Scheiterhaufen is one of my favourite childhood memories – it’s a sweet dish, either served as dessert or just for lunch, and I remember how excited I’d be when my mum would say that that’s what I’ll come home to from school.
It took a few years, but now it’s my turn to make it – and I’ll share my favourite recipe. Just one more note: usually Scheiterhaufen (which actually means ‘stack of (fire)wood’ – I’ll explain it later) is made in a bigger casserole dish, here it’s served in ramekins that are usually used for making delicious soufflés.
Ingredients for 6 ramekins:
1 apples, sliced and chopped
150g brioche bread
1/2 tsp salt
1/2 tsp cinnamon (or this spice mix)
optional: 2 tbs of raisins, 2 tbs rum
Preheat the oven to 200 degrees.
Mix the eggs, milk, cinnamon, salt and sugar together until the eggs are well blended with everything else.
Tear up the brioche bread into small bits and cover the bottom of the ramekins.
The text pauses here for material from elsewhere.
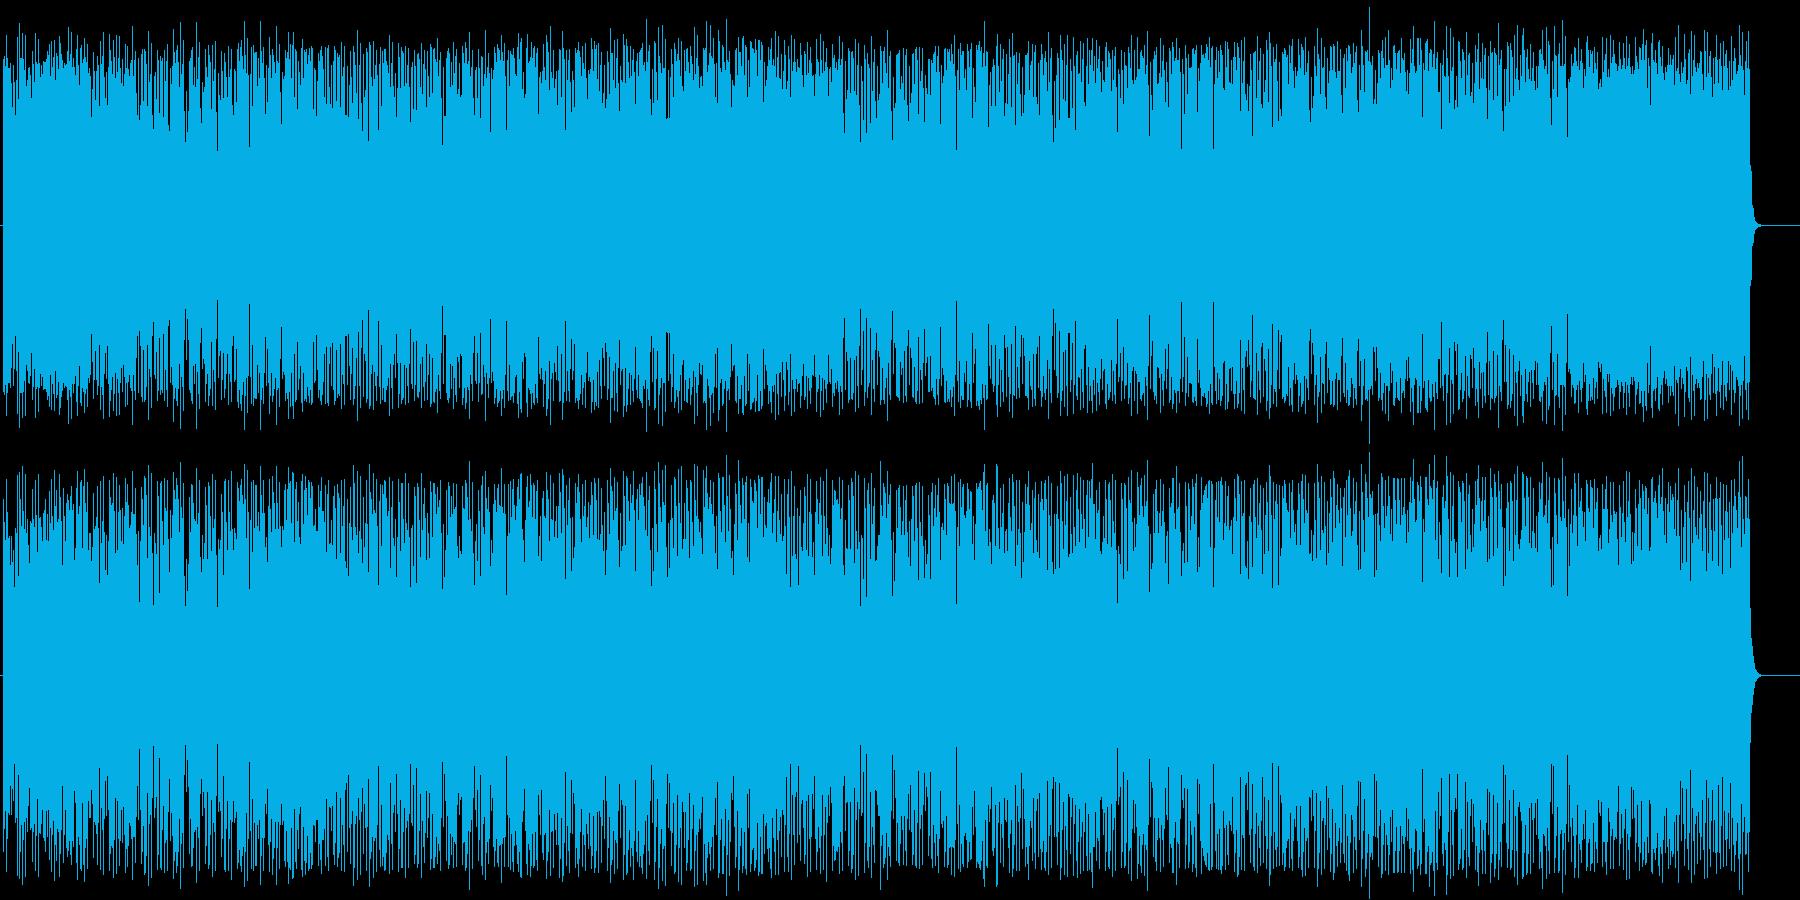 推進力ある元気なポップ(フルサイズ)の再生済みの波形

Then add a layer of apple (and raisins) and cover with brioche again. This stacking things up gave the Scheiterhaufen its name – literally translated it’d mean ‘stack of firewood’. The original bread used was stale white bread, because it would soften up again when soaked in milk and thus would not go to waste. Thankfully those times are over – but if you happen to have a bit of hardened up white bread lying around: that’s you’re go-to recipe.
Pour the egg-milk-mix over until everything is nicely soaked.
Put a half tbs rum on top of each little form.
Bake for 45mins.
If you want, drizzle some caramel sauce on top.